» **Input data**:
***

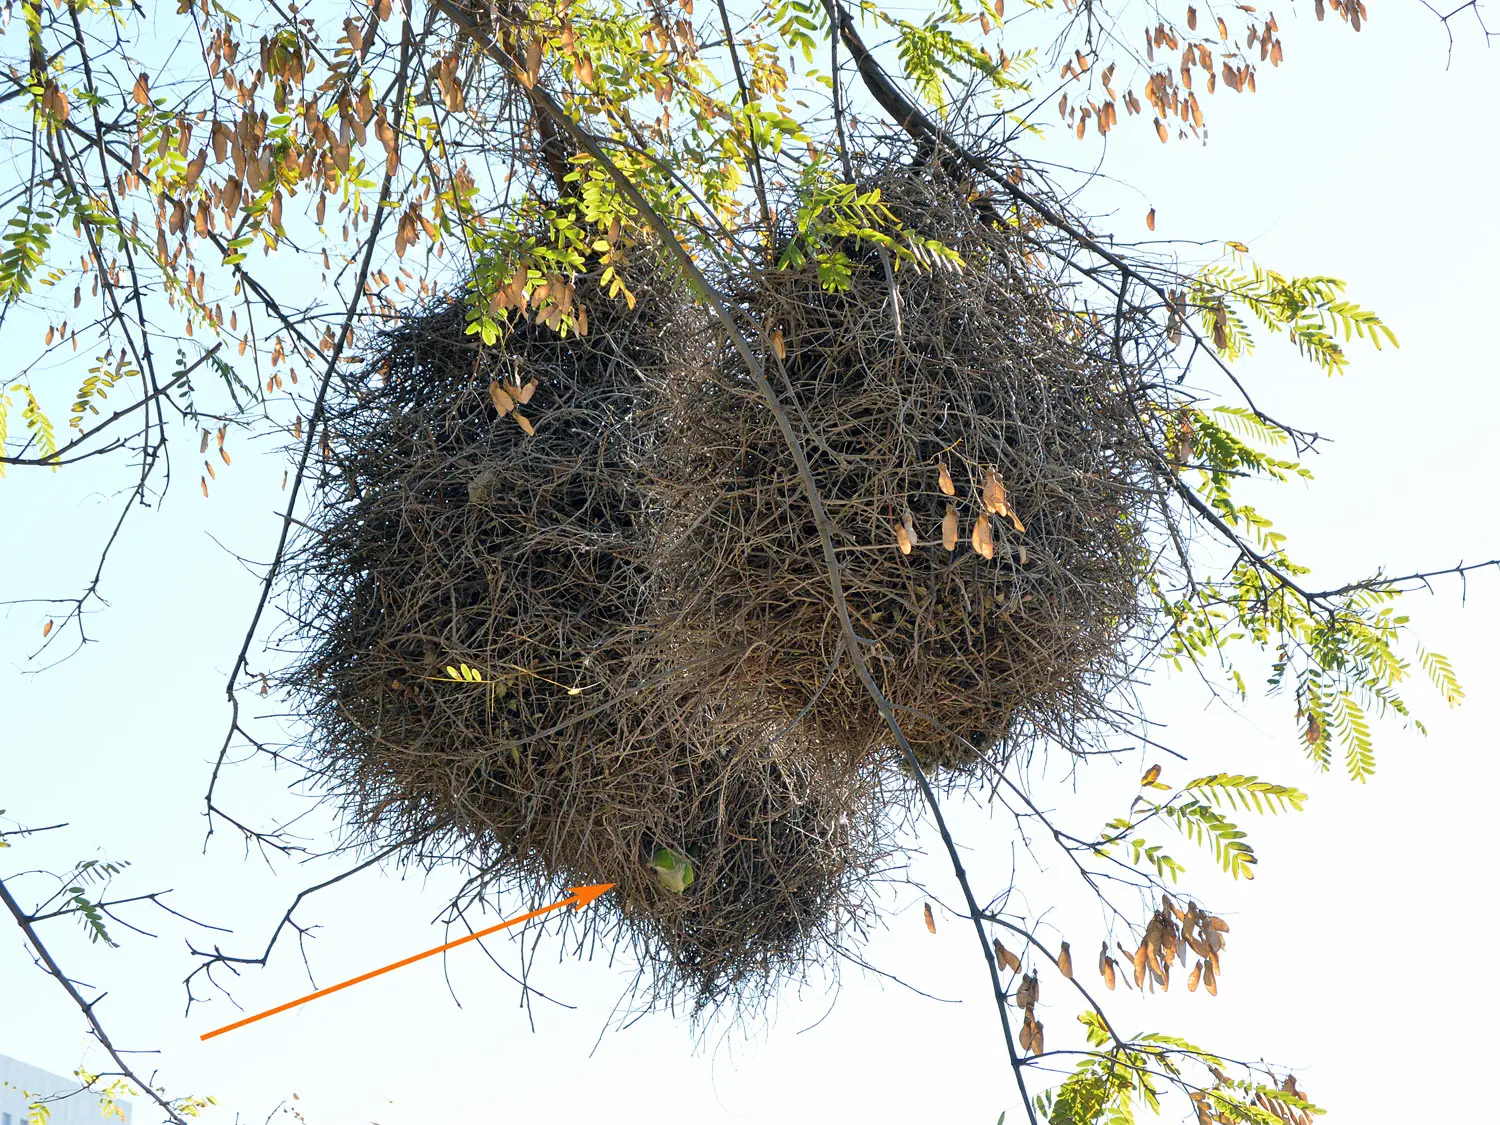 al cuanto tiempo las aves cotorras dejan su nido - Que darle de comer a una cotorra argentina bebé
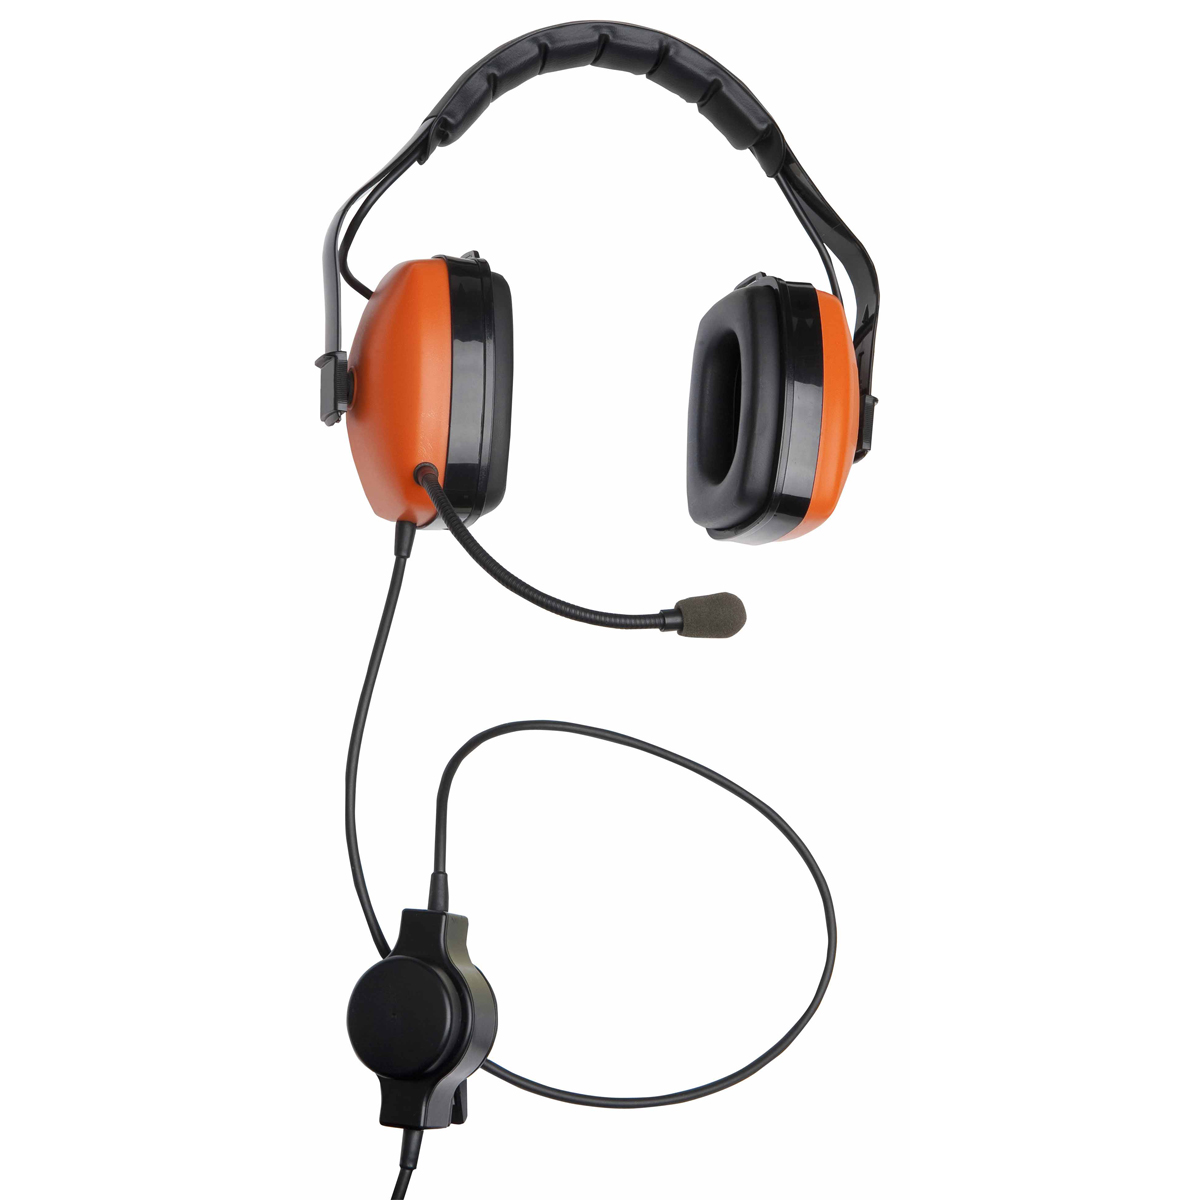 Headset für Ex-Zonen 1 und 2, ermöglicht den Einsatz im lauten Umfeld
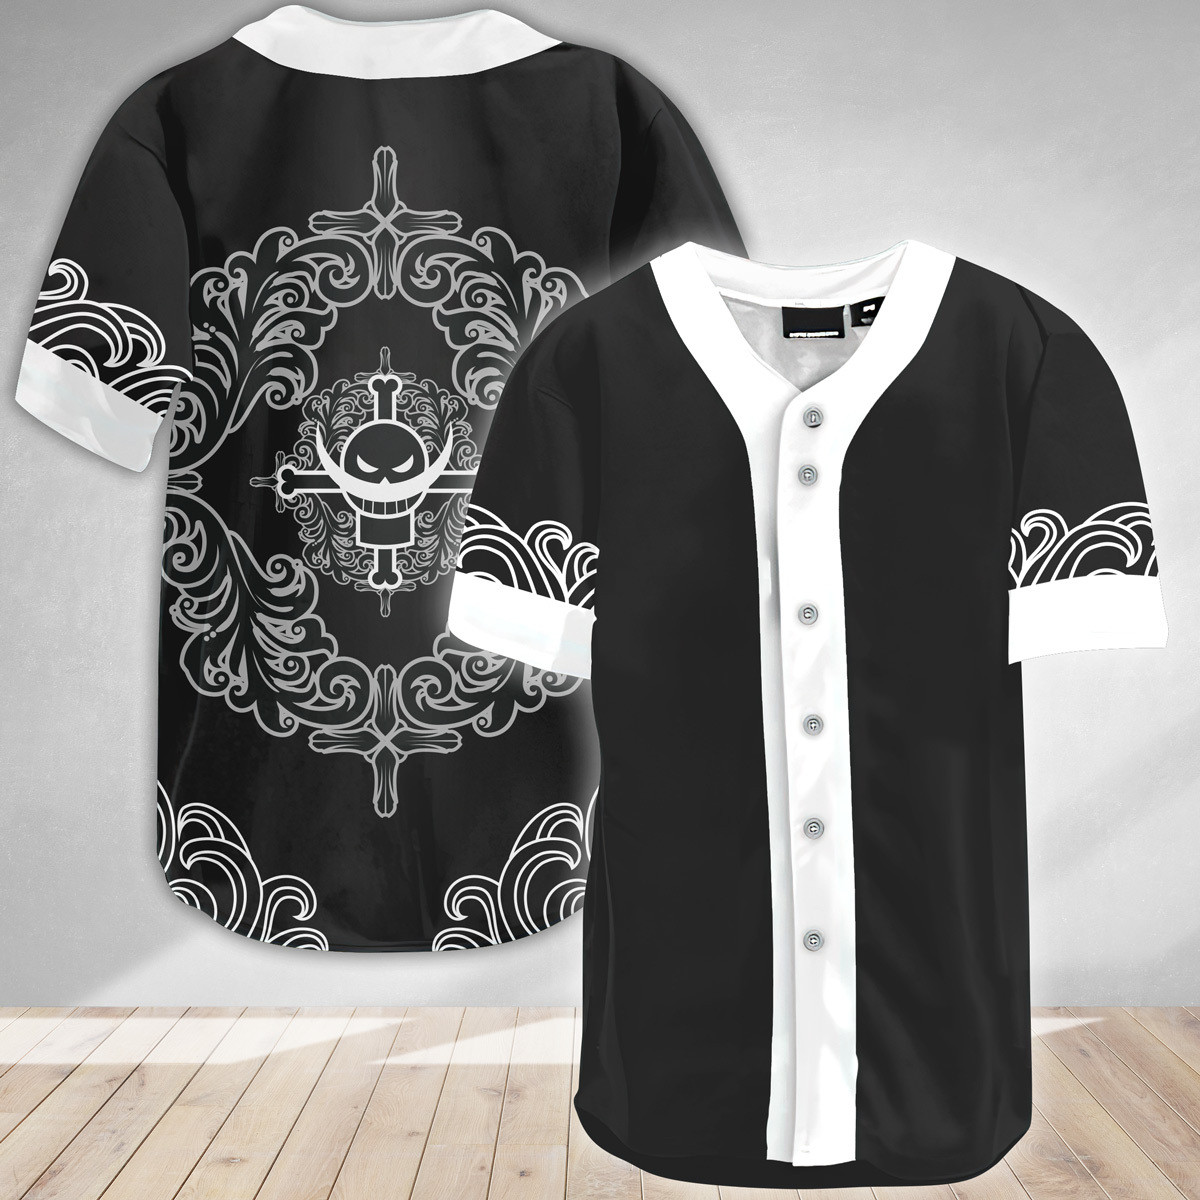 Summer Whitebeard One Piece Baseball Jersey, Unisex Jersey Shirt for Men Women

***

What you return should be the full listing, unchanged, minus the pictures.

» **Response to the exercise**:
 al cuanto tiempo las aves cotorras dejan su nido - Que darle de comer a una cotorra argentina bebé
 Headset für Ex-Zonen 1 und 2, ermöglicht den Einsatz im lauten Umfeld
 Summer Whitebeard One Piece Baseball Jersey, Unisex Jersey Shirt for Men Women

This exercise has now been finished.